2.4 || Bicara

1.5K 162 19
                                    

Senja tidak berkata satu kata apapun. Begitupun dengan Fana yang hanya diam dengan tatapan kosongnya menatap meja kelas Senja.

Senja meneguk salivanya. Sepertinya Fana sedang berpikir atau merenung menyesali keputusannya tadi.

Tapi sungguh, itu Senja kaget betulan. Sampai Fana ngomong bakalan keluar dari tim basket.

Senja terus mencuri-curi pandang melirik Fana. Ia berpikir mungkin Fana tidak sungguh-sungguh dengan ucapannya itu. Mana mungkin dia akan keluar dari bidang yang membesarkan bakatnya?

"Gue serius."

Seketika Senja langsung menatapnya. Apa jangan-jangan Fana bisa baca pikiran Senja ya?

"Iya. Gue tau lo pasti ngiranya bohong. Tapi gue serius bakalan keluar."

Senja kembali menatapnya lebih dalam. Senja masih tidak memercayai perkataan Fana itu. Hanya karena Senja dibentak oleh Devo, Fana bisa senekat itu?

"Nja. Gue gak seneng, milik gue dikasarin sama orang lain. Apalagi pelatih gue sendiri."

"Tapi kan—"

"Gue juga udah pernah bilang kalo gak ada satu pun orang yang boleh nyentuh atau megang sehelai rambut lo. Gue gak pernah bercanda soal omongan gue."

"Ya kan gak—"

"Keputusan gue udah bulet, Nja. Toh kayaknya mereka fine-fine aja tanpa gue. Lagian yang paling penting Si Radha."

"Fana tapi kan—"

"Gak ada tapi-tapi, Senja. Gue udah—" Tangan Senja akhirnya menutup mulut Fana yang dari tadi selalu memotong pembicaraannya.

"Dengerin gue dulu, bisa gak sih?"

Dengan polosnya, dengan tampang tidak berdosanya, Fana hanya menggeleng pelan.

"Dengerin!"

Fana menggeleng lagi.

Sementara itu Senja menghela napas, lalu ia memberikan Fana tatapan tajam. Dan saat itu Fana langsung mengangguk.

"Kak Devo gak bikin gue lecet atau nyentuh gue. Dia cuma kasih gue peringatan. Ya menurut gue wajar, gue yang harusnya salah karena—"

"Tapi kan—"

"Ssst!" Senja berteriak. "Bisa diem gak sebentar aja?!"

"Iya iya. Maaf."

"Fana, gak seharusnya lo mutusin keluar. Karena ada di tim basket itu, lo menjadi populer seantero sekolah."

Fana melepas tangan Senja yang menutup mulutnya. Ia menggenggam tangan Senja dengan perlahan. "Nja, apa pentingnya populer kalo ngeliat lo takut atau kesakitan."

"Gak ada artinya kalo gitu, Nja."

Sedetik kemudian Fana menatapnya tajam. "Tadi juga lo bilang apa? Dia gak buat lo lecet dan gak nyentuh lo?"

Fana langsung mengambil siku Senja. "Ini apa kalo gitu? Gak sengaja jatuh? Atau didorong sama yang lain?"

"Itu karena..."

"Karena Devo. Iya. Gue tau itu, Nja. Gue gak bisa lihat lo digituin. Gue malah lebih sakit daripada lo, Nja."
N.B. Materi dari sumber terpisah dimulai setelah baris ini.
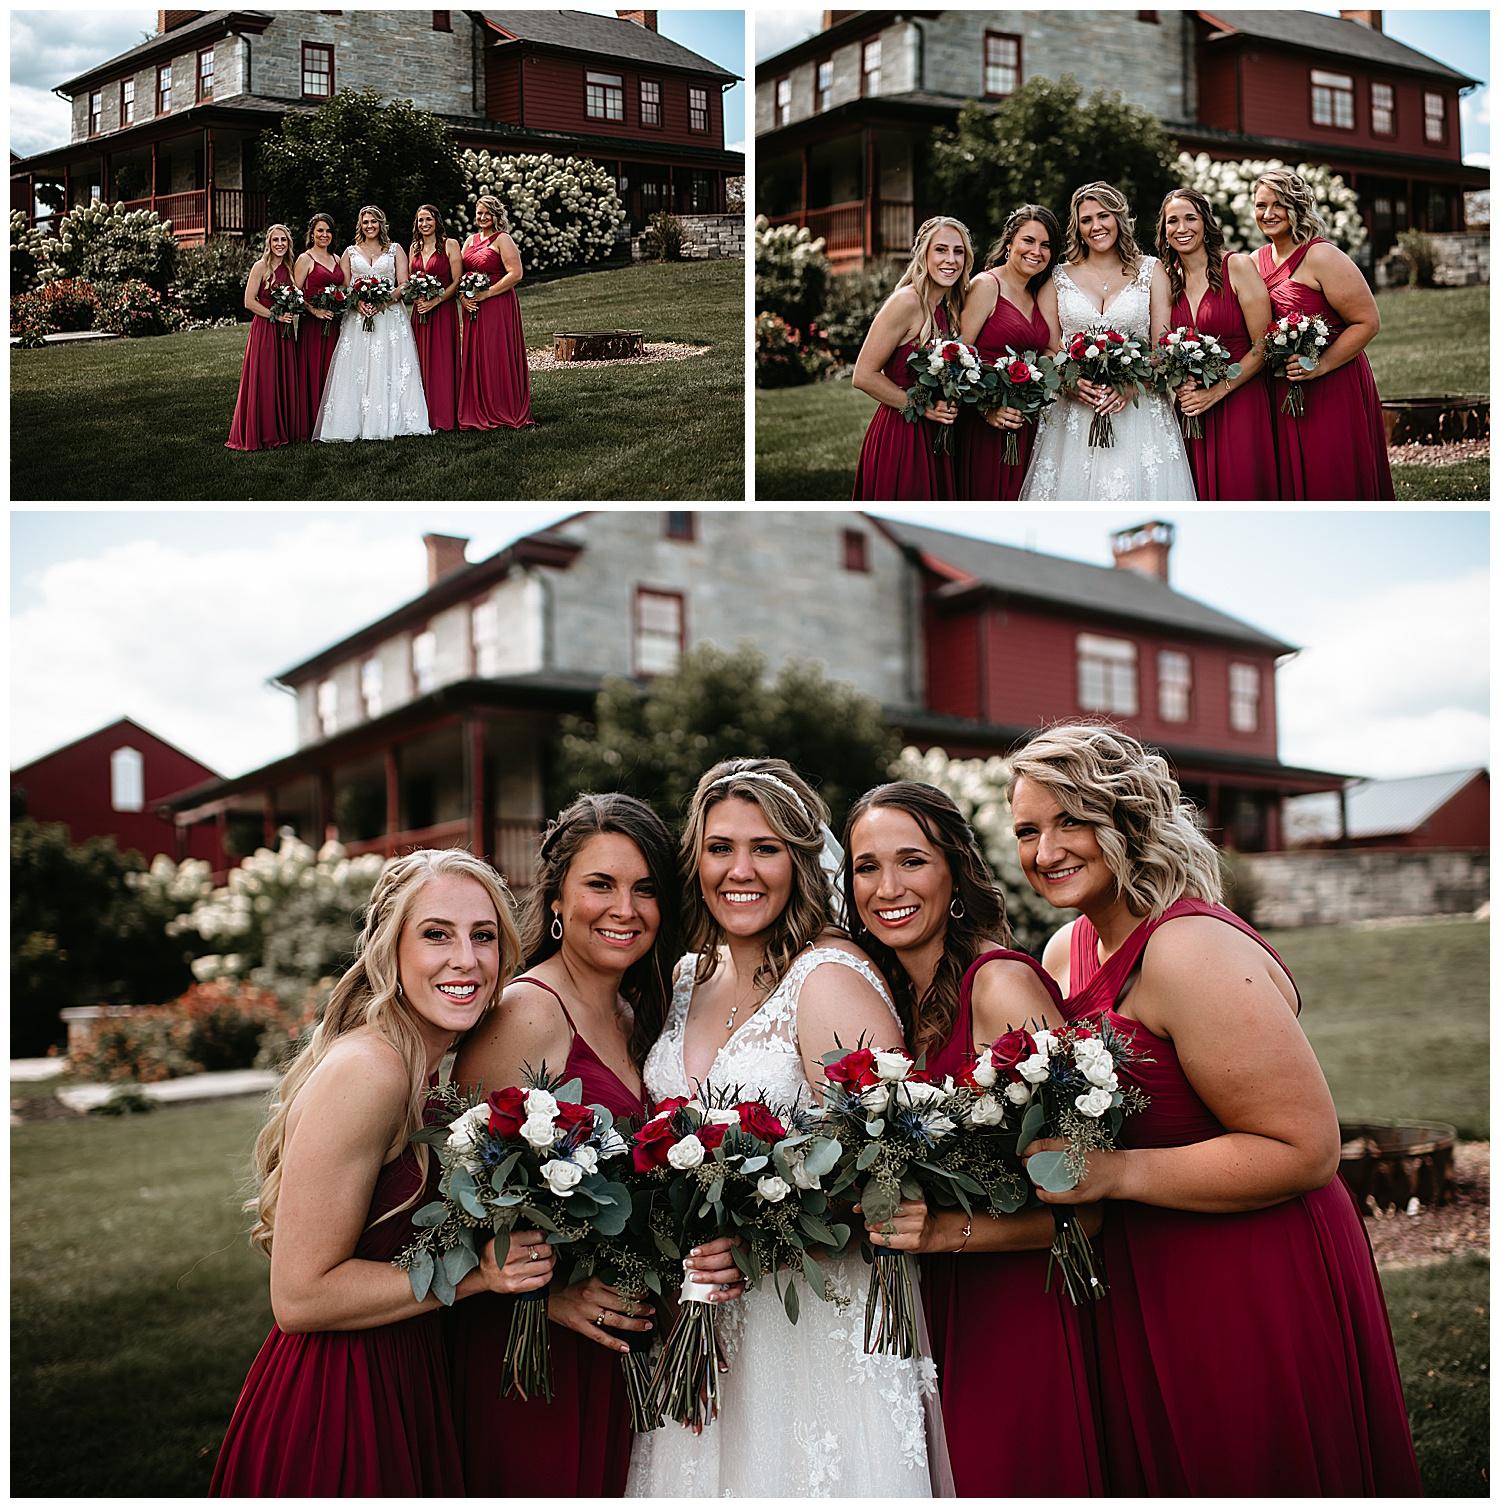 NEPA-Bloomgsburg-Wedding-Photographer-at-The-Barn-at-Greystone-Farms-Watsontown-PA_0045.jpg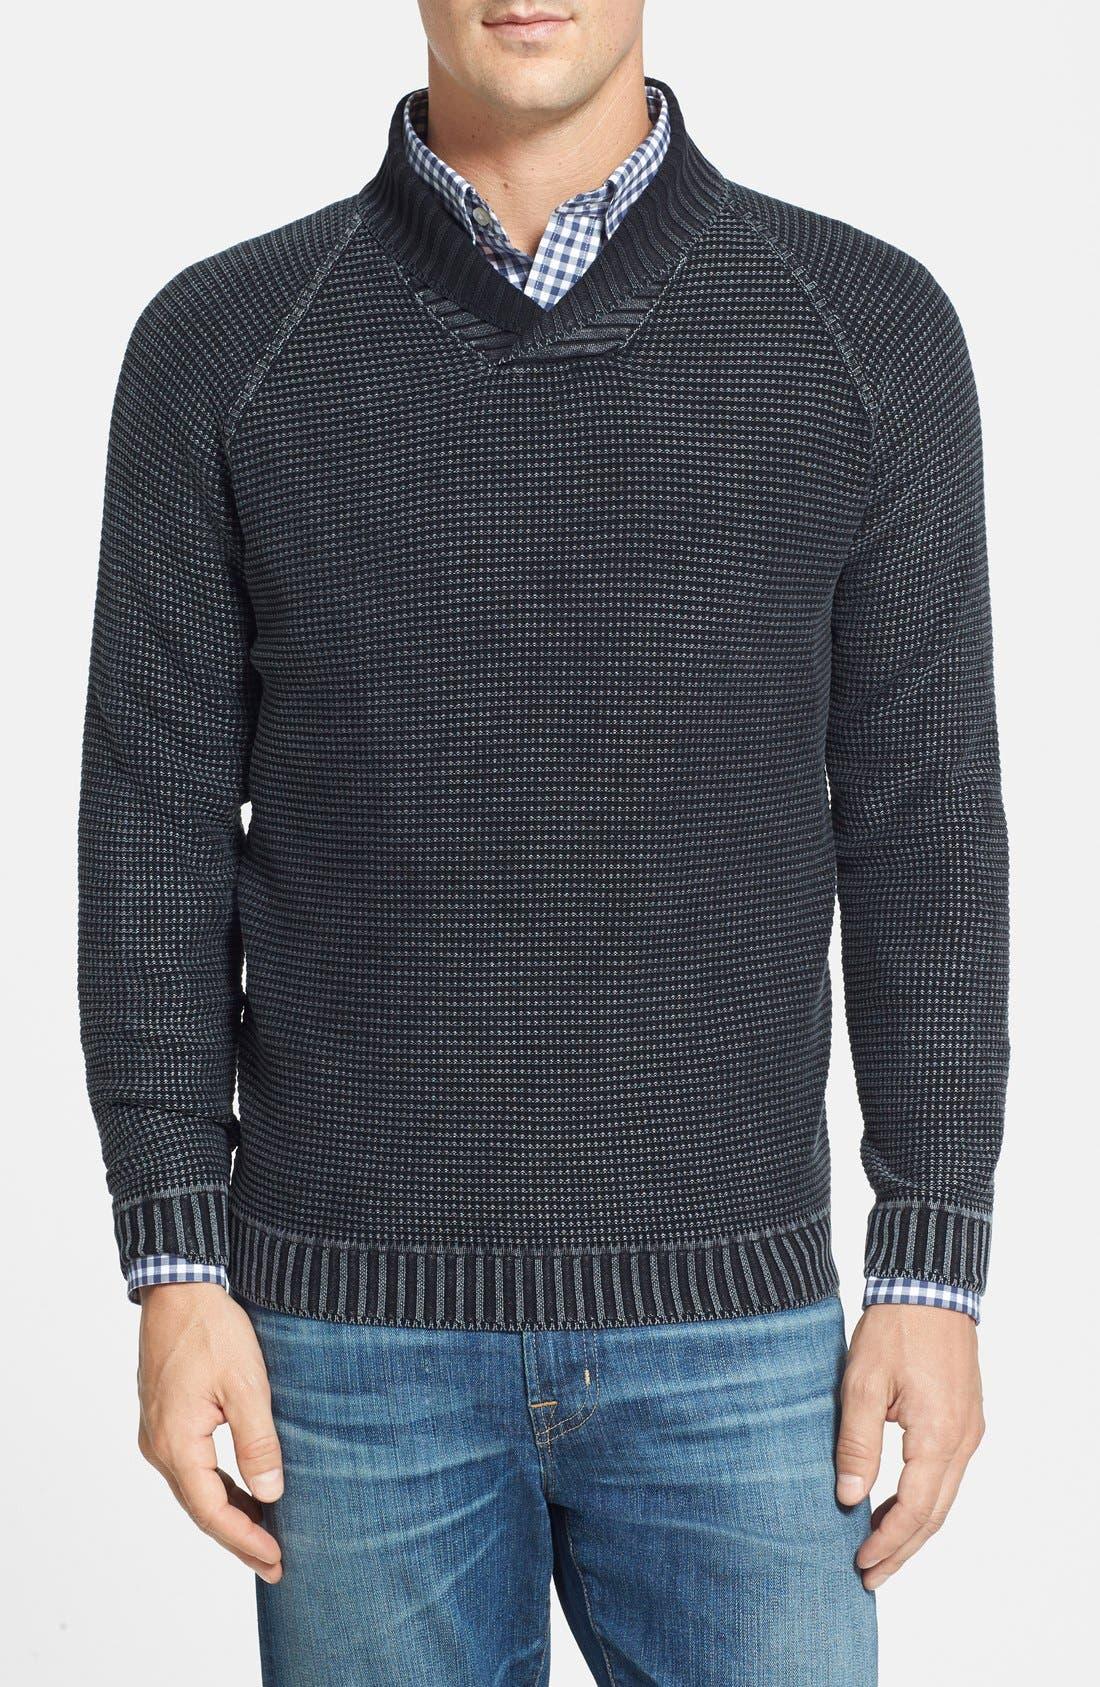 Main Image - Tommy Bahama '1 Island' Shawl Collar Sweater

Senja terdiam. Ya. Bagaimana pun Senja ingin membuat Fana kembali lagi kepada timnya, namun Fana tetaplah Fana.

Keputusan yang sudah ia buat tidak akan bisa diubah oleh orang lain. Sekalipun itu Senja.

"Kalo misalnya anak-anak lain pada gak suka sama gue karena mereka pikir lo keluar demi gue, gimana?" tanya Senja. Ia menundukkan kepalanya.